====== THE DATA ======

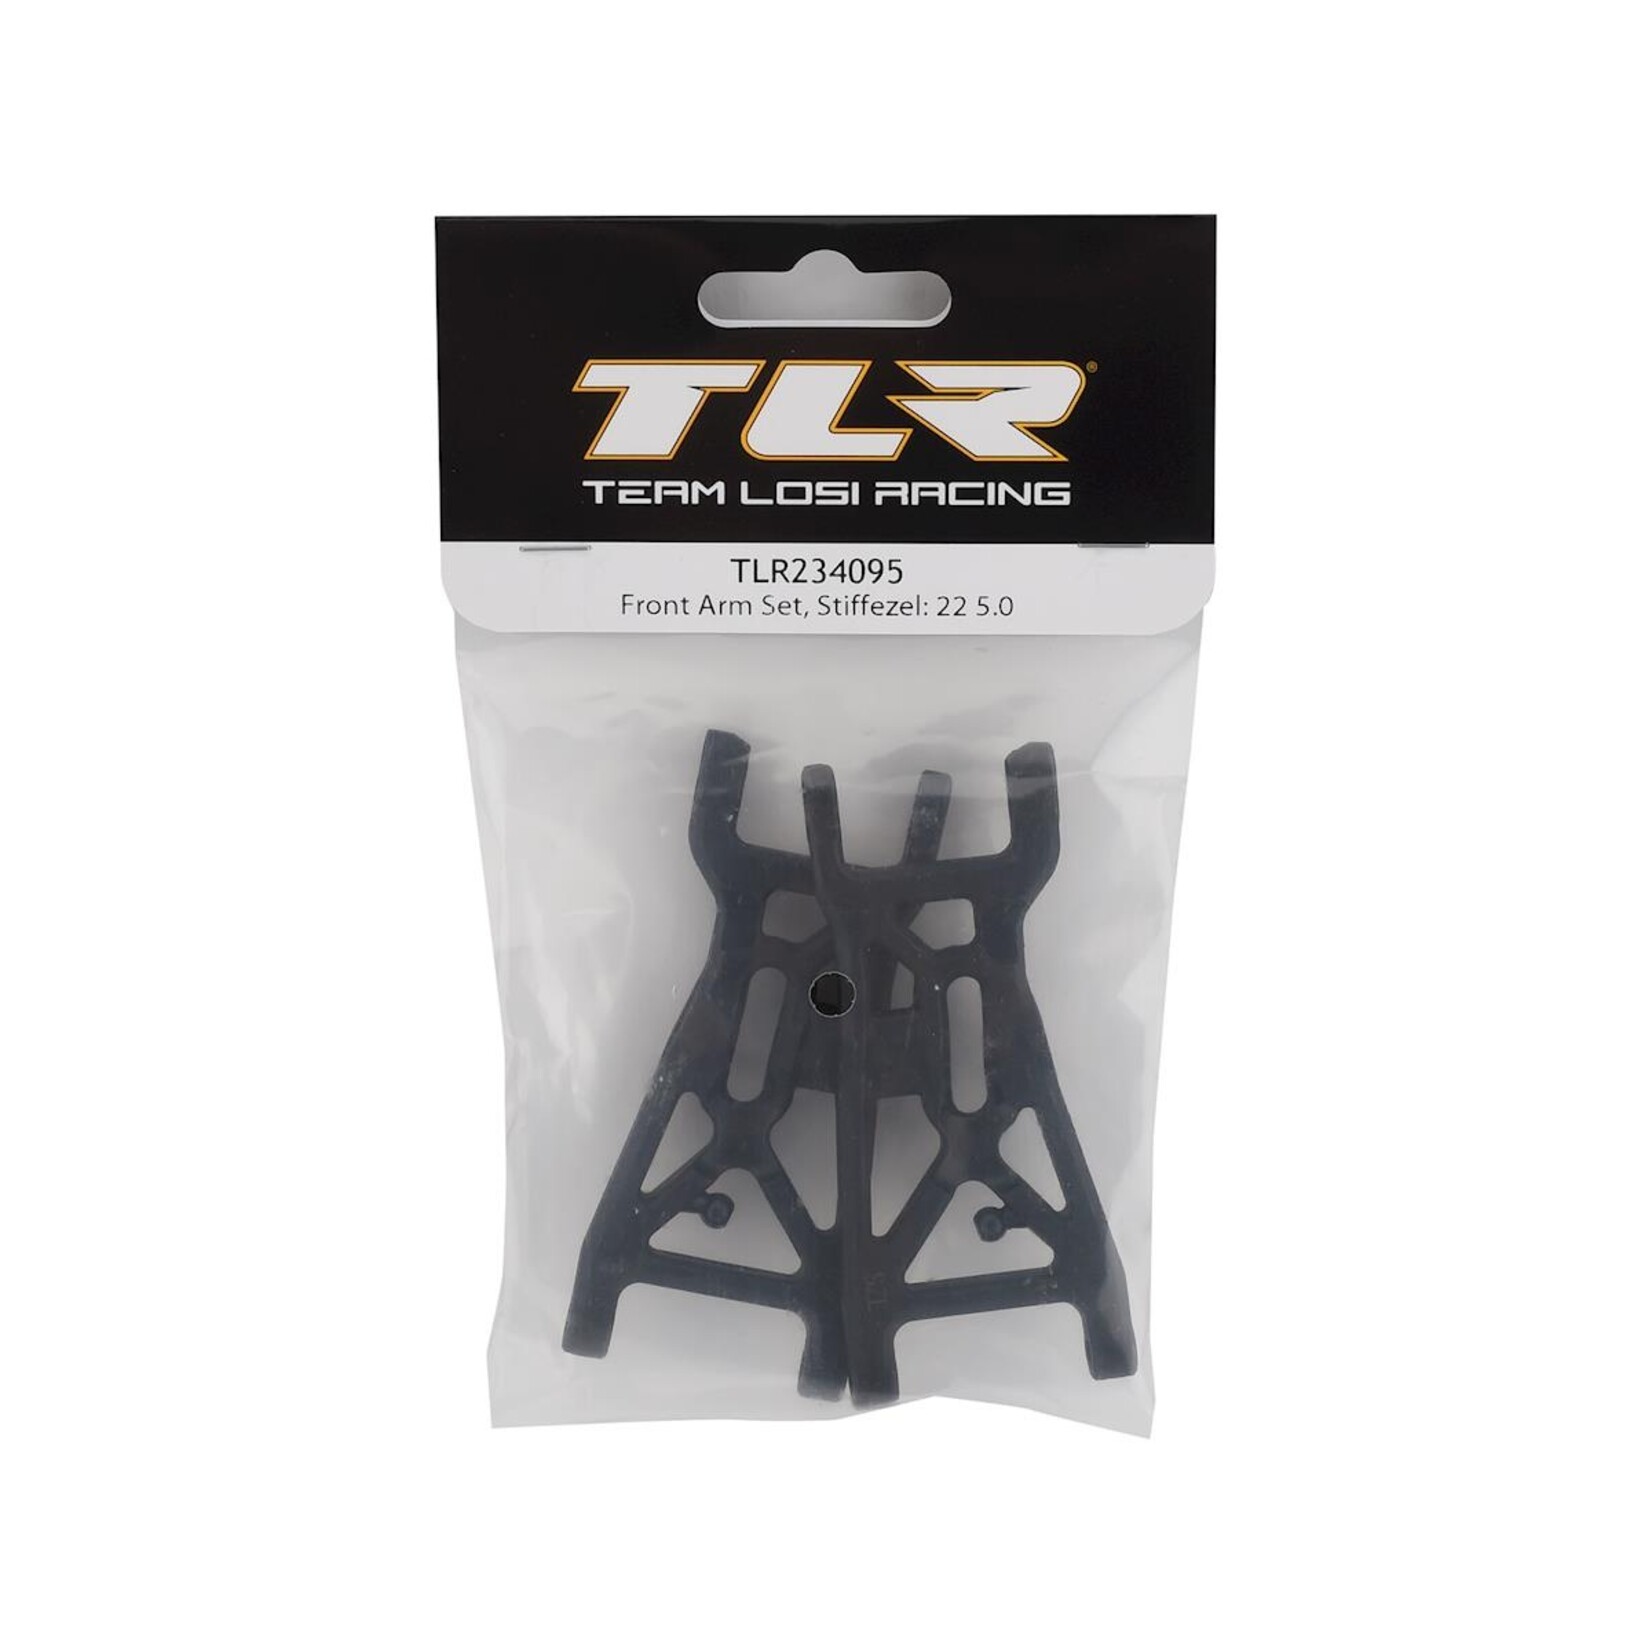 TLR Team Losi Racing 22 5.0 Stiffezel Front Arm Set #TLR234095
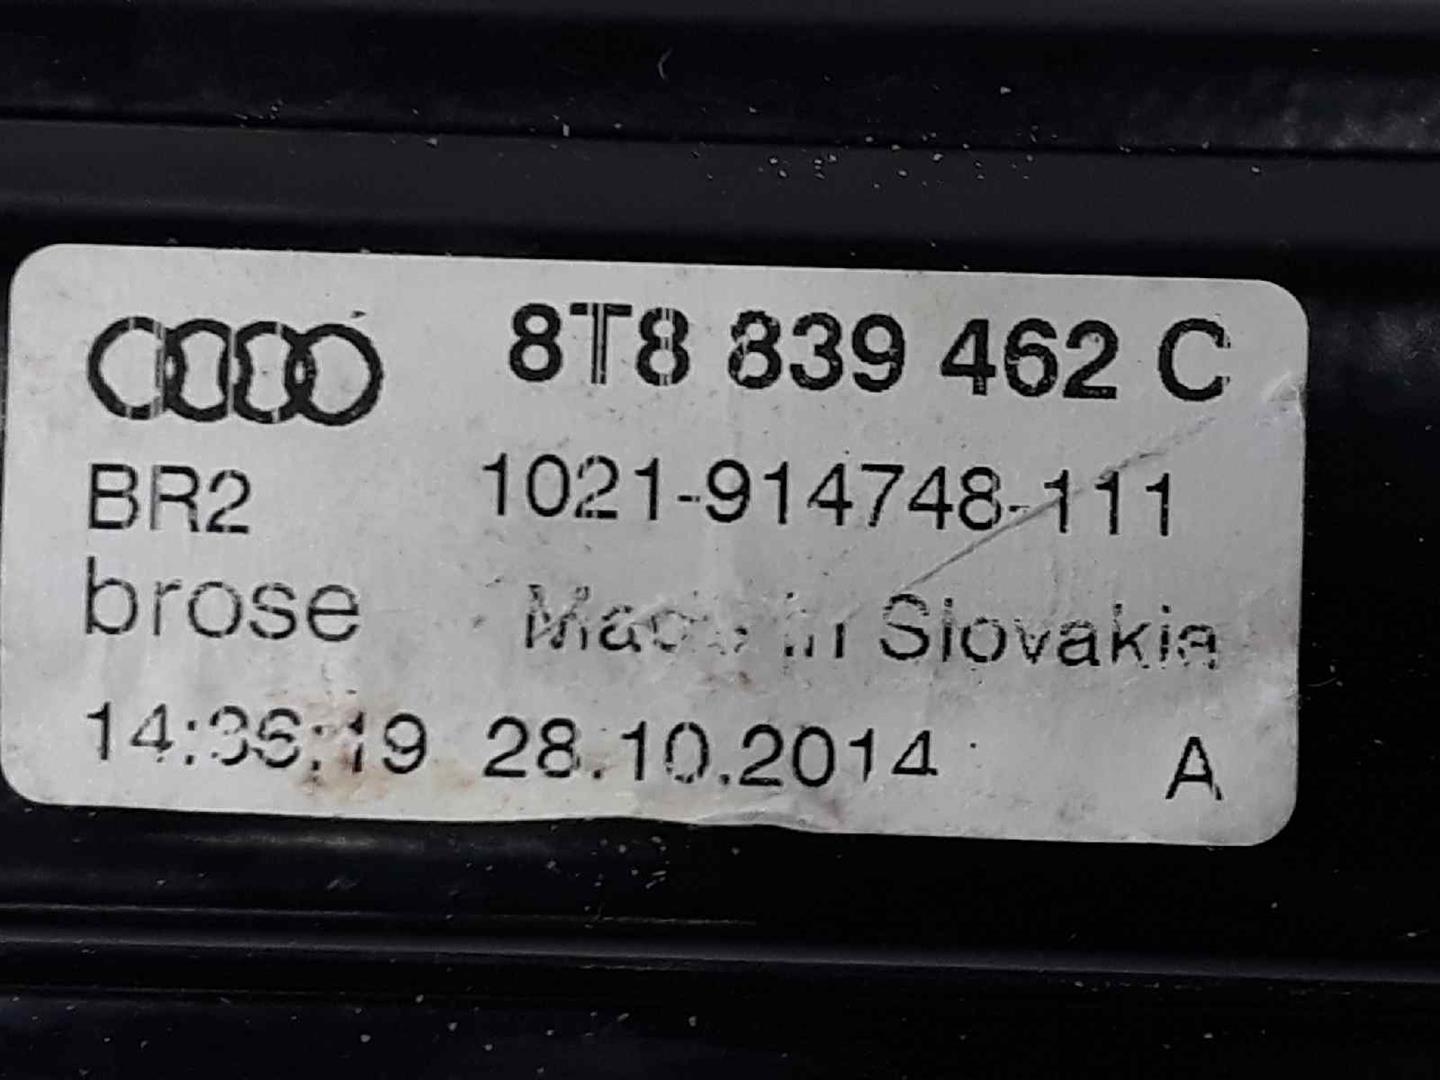 AUDI A4 B8/8K (2011-2016) Стеклоподъемник задней правой двери 8T8839462C, 1021914748111, 8T8839462C 19627723
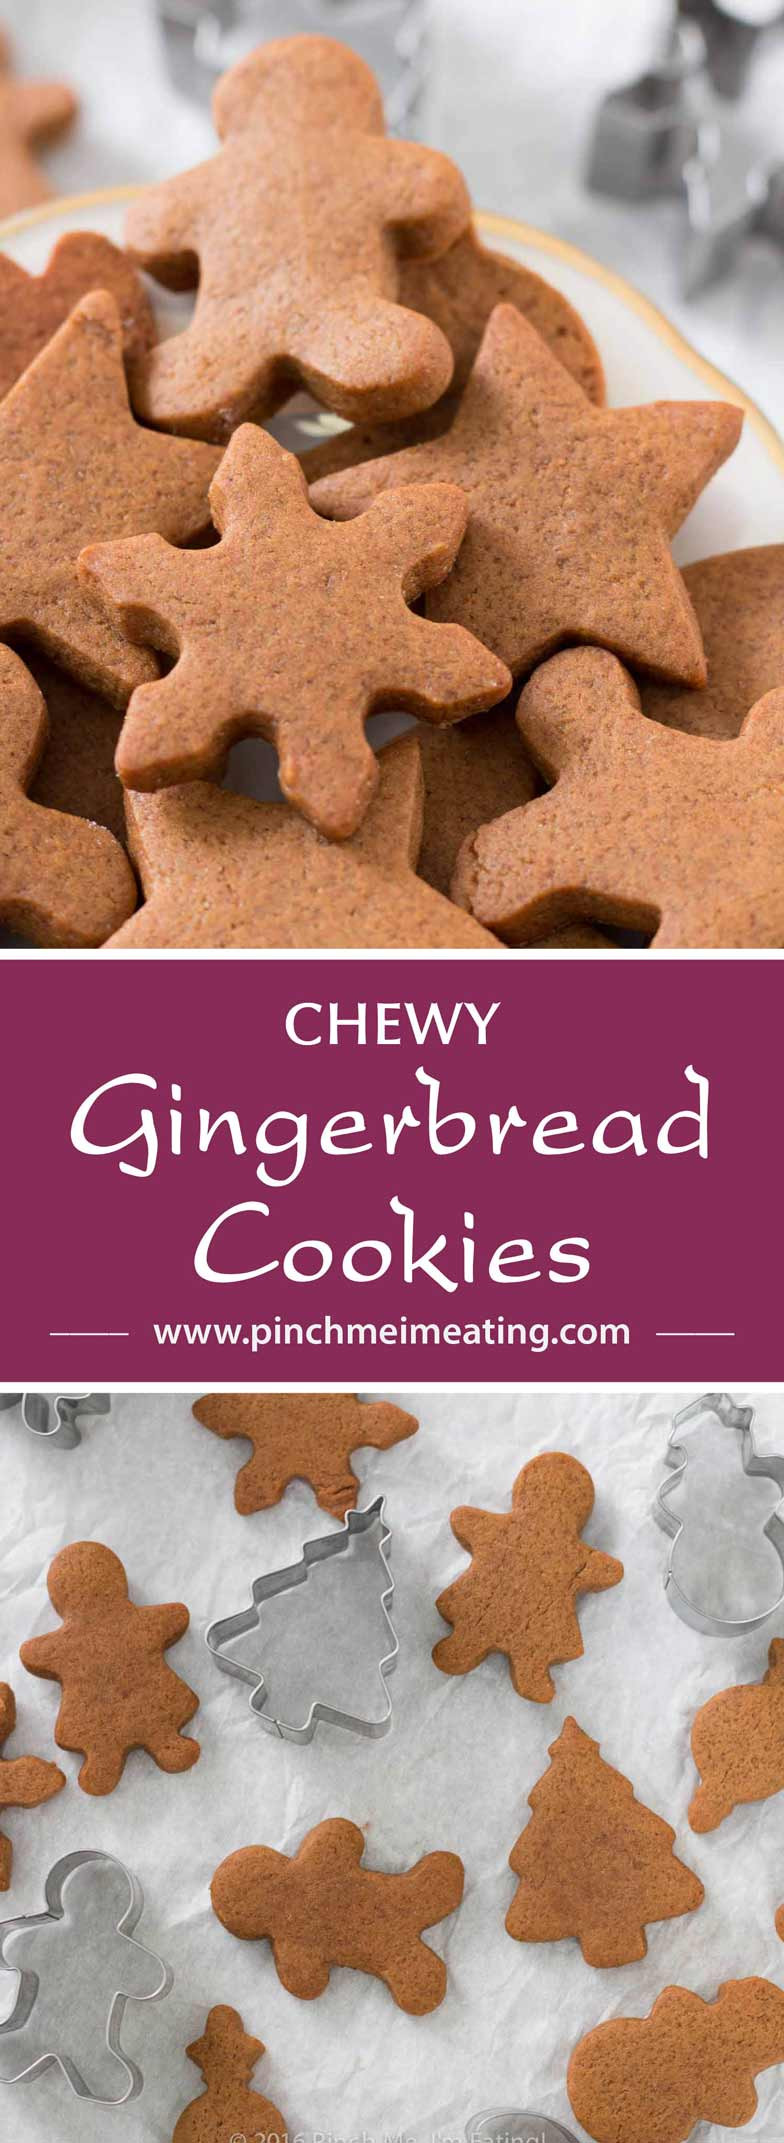 Chewy Gingerbread Cookies
 Chewy Gingerbread Cookies
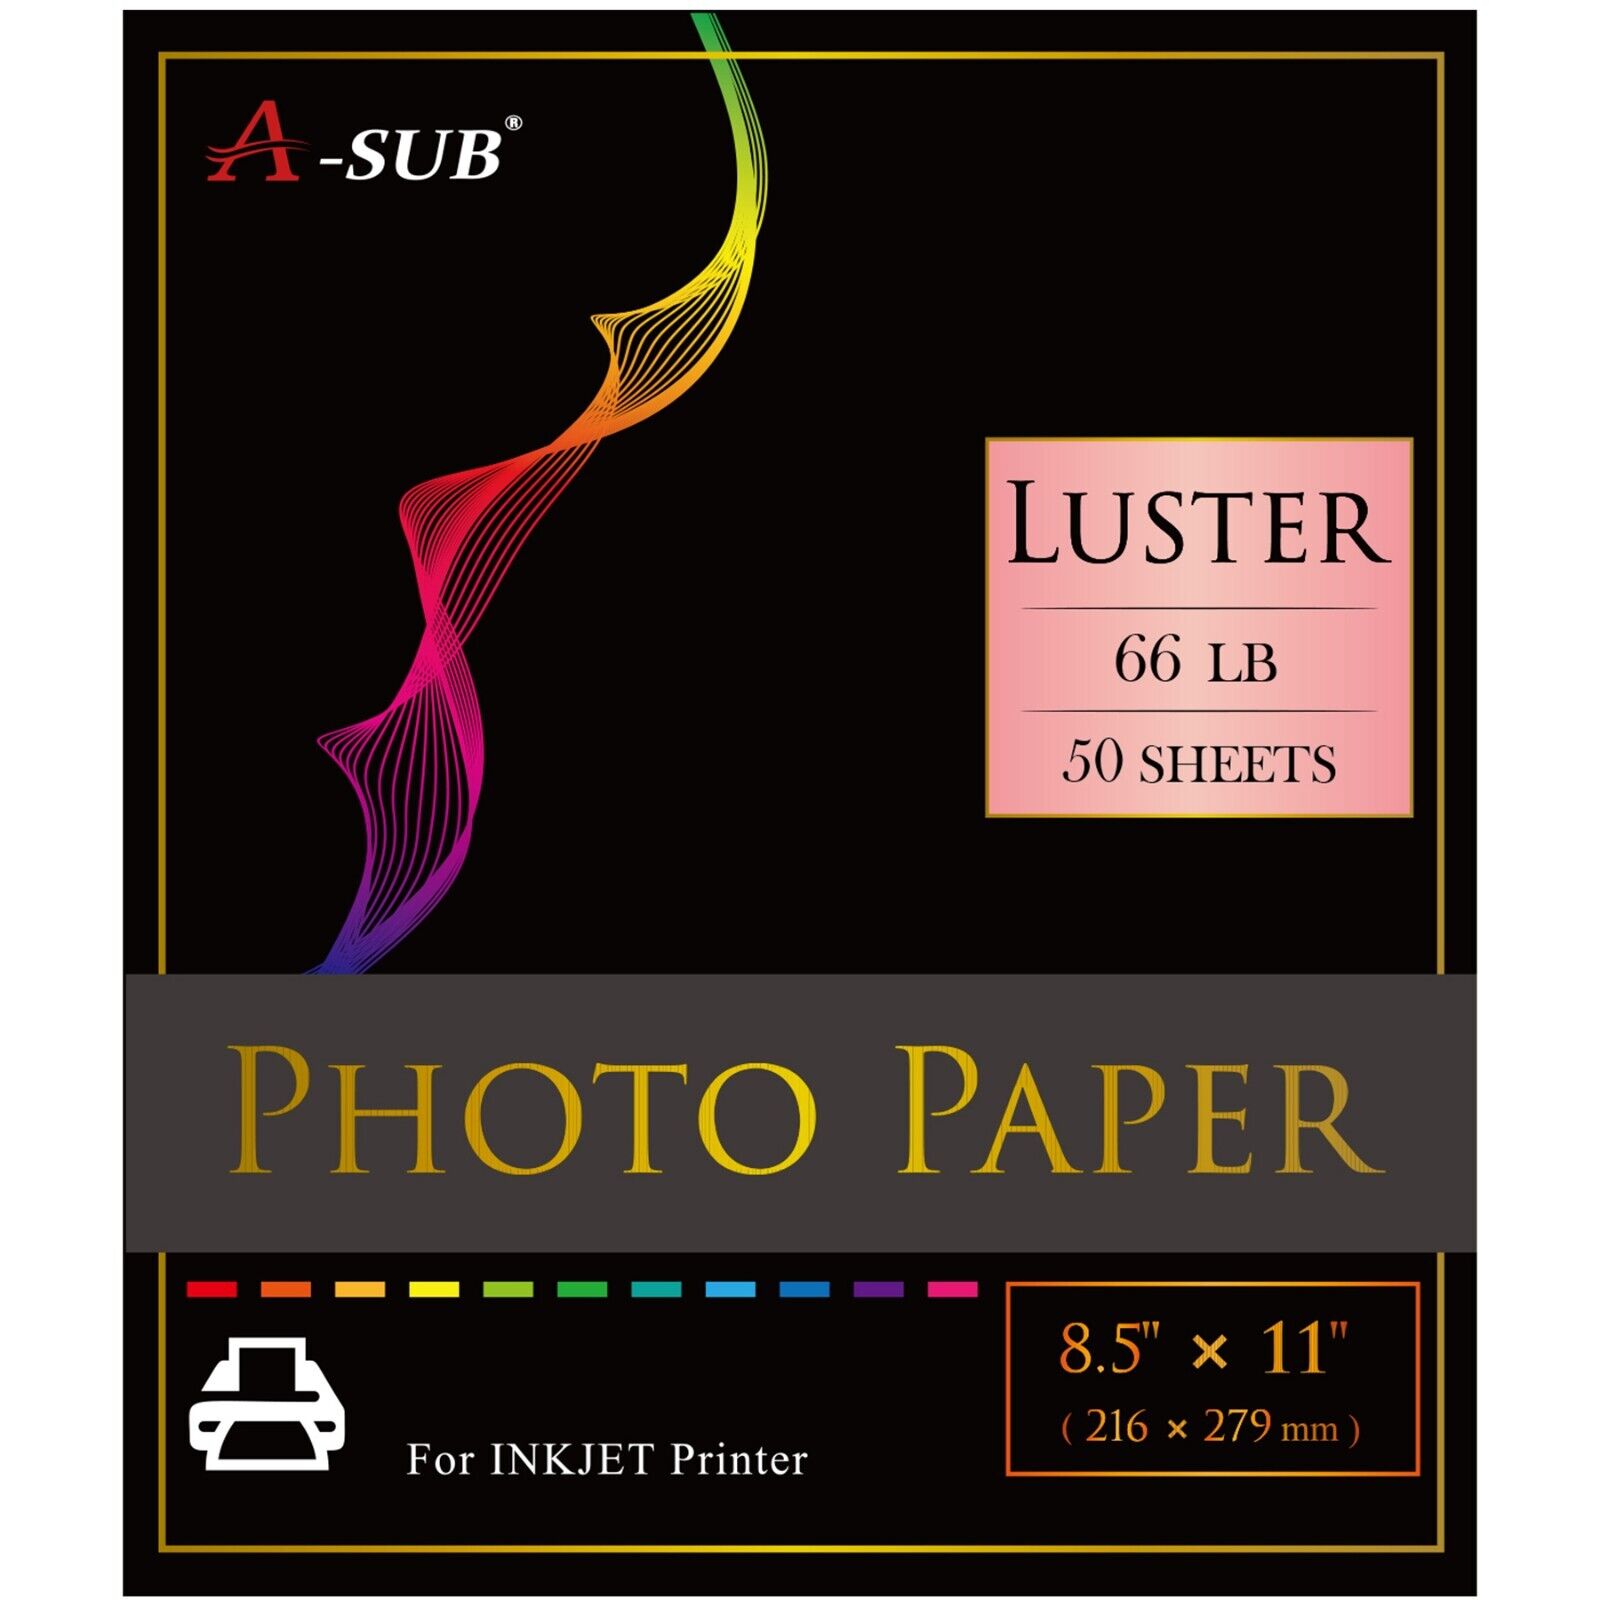 A-SUB Pro Luster Photo Paper 8.5x11 for Inkjet Printer 250g Semi Gloss 50PK 66lb

======

> **EXERCISE PROMPT**
Leave out the pictures and output everything else in the records exactly.

> **SOLUTION TO THIS EXERCISE**
 TLR Team Losi Racing 22 5.0 Stiffezel Front Arm Set #TLR234095
 AUDI A4 B8/8K (2011-2016) Стеклоподъемник задней правой двери 8T8839462C, 1021914748111, 8T8839462C 19627723
 Chewy Gingerbread Cookies
 Chewy Gingerbread Cookies
 A-SUB Pro Luster Photo Paper 8.5x11 for Inkjet Printer 250g Semi Gloss 50PK 66lb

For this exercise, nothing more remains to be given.